A copper atom has 29 electrons revolving around the nucleus. A copper ball has 4x10^23 atoms. What fraction of the electrons be removed to give the ball a charge of +9.6uC?
To determine the fraction of electrons that need to be removed to give the copper ball a charge of +9.6uC, we need to first find the total charge of the electrons in the copper ball.
Given that a copper atom has 29 electrons, we can calculate the total charge of one copper atom by multiplying the charge of a single electron with the number of electrons. The charge of a single electron is -1.6 x 10^-19 Coulombs (uC):
Charge of one copper atom = 29 electrons * (-1.6 x 10^-19 uC/electron)
= -46.4 x 10^-19 uC
Now, let's determine the total charge of the copper ball which contains 4x10^23 copper atoms. We can multiply the charge of one copper atom by the number of copper atoms in the ball:
Total charge of the copper ball = Charge of one copper atom * Number of copper atoms
= (-46.4 x 10^-19 uC) * (4 x 10^23 atoms)

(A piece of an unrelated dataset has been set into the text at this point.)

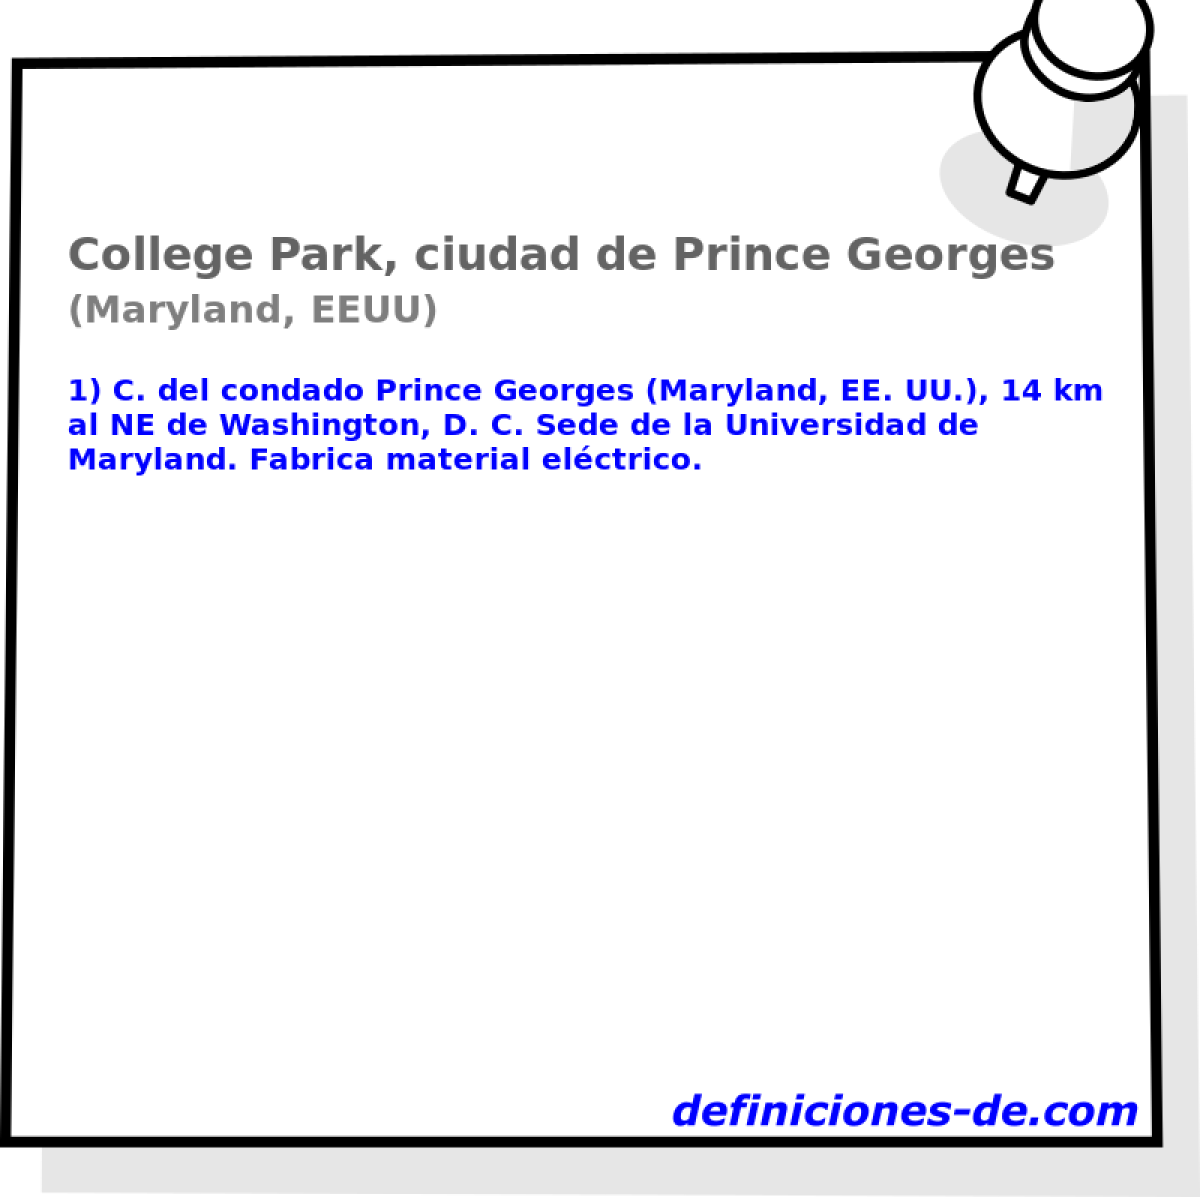 College Park, ciudad de Prince Georges (Maryland, EEUU)

= -185.6 x 10^4 x 10^-19 uC
= -185.6 x 10^-15 uC
Now, we want the copper ball to have a positive charge of +9.6 uC. To find the fraction of electrons that need to be removed, we need to determine the ratio of the desired charge to the actual charge:
Fraction of electrons removed = (Desired charge - Actual charge) / Actual charge
Plugging in the values:
Fraction of electrons removed = (9.6 x 10^-6 uC - (-185.6 x 10^-15 uC)) / (-185.6 x 10^-15 uC)
Simplifying the equation:
Fraction of electrons removed = (9.6 x 10^-6 uC + 185.6 x 10^-15 uC) / (185.6 x 10^-15 uC)

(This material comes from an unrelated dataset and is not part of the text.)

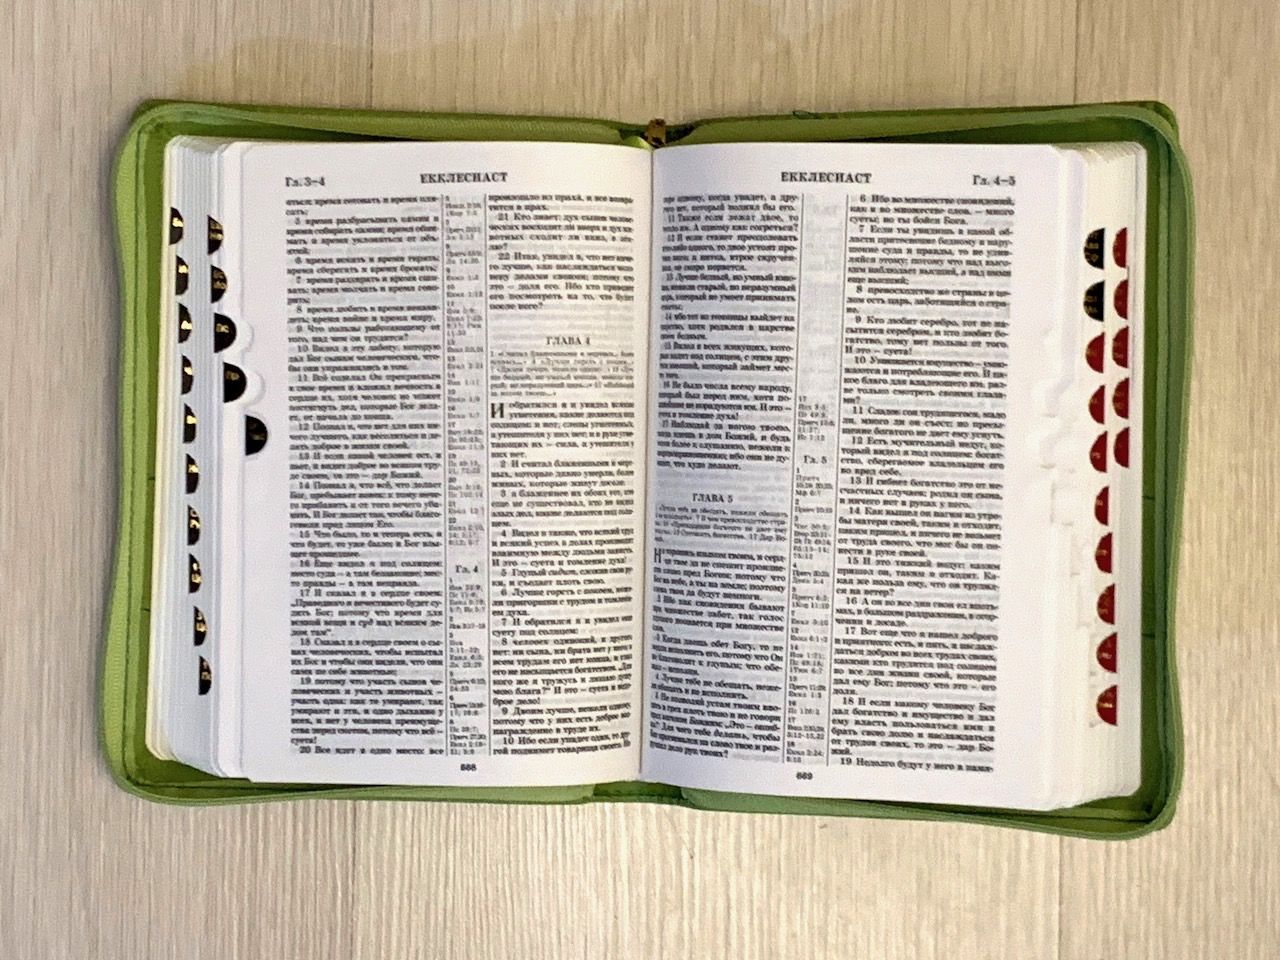 БИБЛИЯ 046zti формат, переплет из искусственной кожи на молнии с индексами, надпись золотом "Библия", цвет салатовый, средний формат, 132*182 мм, цветные карты, шрифт 12 кегель

Therefore, the fraction of electrons that need to be removed to give the copper ball a charge of +9.6 uC is the calculated result of the above equation.

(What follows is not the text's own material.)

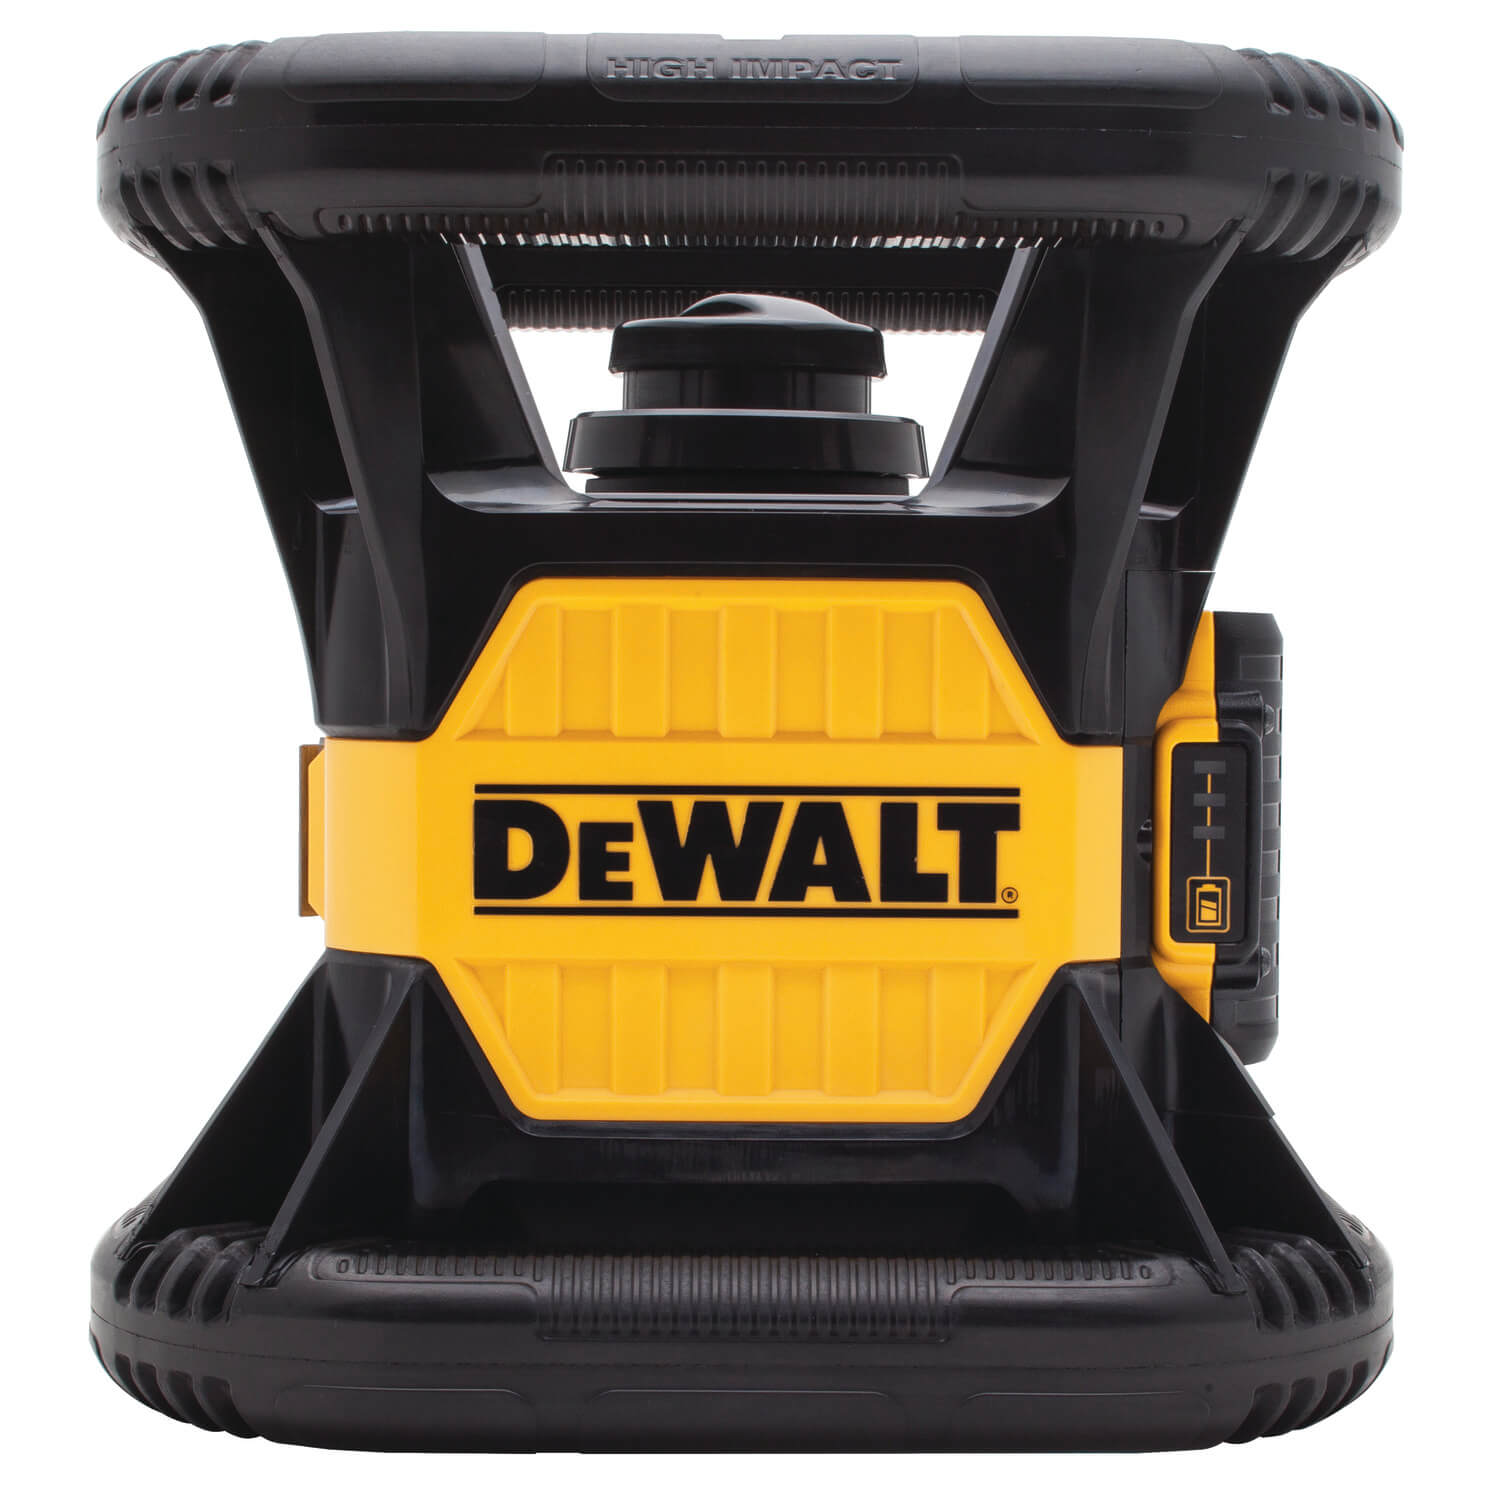 DEWALT DW074LR 20v MAX Rotary Laser, Red - wise-line-tools

To calculate the fraction of electrons that need to be removed to give the copper ball a charge of +9.6uC, we need to compare the amount of charge carried by one electron with the desired charge.
1. Determine the charge carried by one electron:
The charge of one electron is equal to the elementary charge, which is approximately -1.6 x 10^-19 Coulombs (C).
2. Calculate the total charge of the copper ball:
The total charge of the copper ball is given as +9.6 uC (microCoulombs). To convert this to Coulombs, multiply by 10^-6:
9.6 uC x 10^-6 = 9.6 x 10^-6 C.
3. Find the total charge carried by all the electrons in the copper ball:
The total charge carried by all the electrons in the copper ball is equal to the product of the charge carried by one electron (-1.6 x 10^-19 C) and the number of electrons in the ball (4x10^23):
Total charge = (-1.6 x 10^-19 C) x (4x10^23) = -6.4 x 10^4 C.
4. Calculate the number of electrons that need to be removed:
To find the number of electrons that need to be removed, we divide the desired charge (+9.6 x 10^-6 C) by the charge carried by one electron (-1.6 x 10^-19 C):
Number of electrons removed = (9.6 x 10^-6 C) / (-1.6 x 10^-19 C) = -6.0 x 10^13 electrons.
5. Calculate the fraction of electrons removed:
To find the fraction of electrons removed, divide the number of electrons removed by the total number of electrons in the copper ball (4x10^23 electrons):
Fraction of electrons removed = (6.0 x 10^13 electrons) / (4x10^23 electrons) = 1.5 x 10^-10.
Therefore, the fraction of electrons that need to be removed to give the copper ball a charge of +9.6 uC is approximately 1.5 x 10^-10.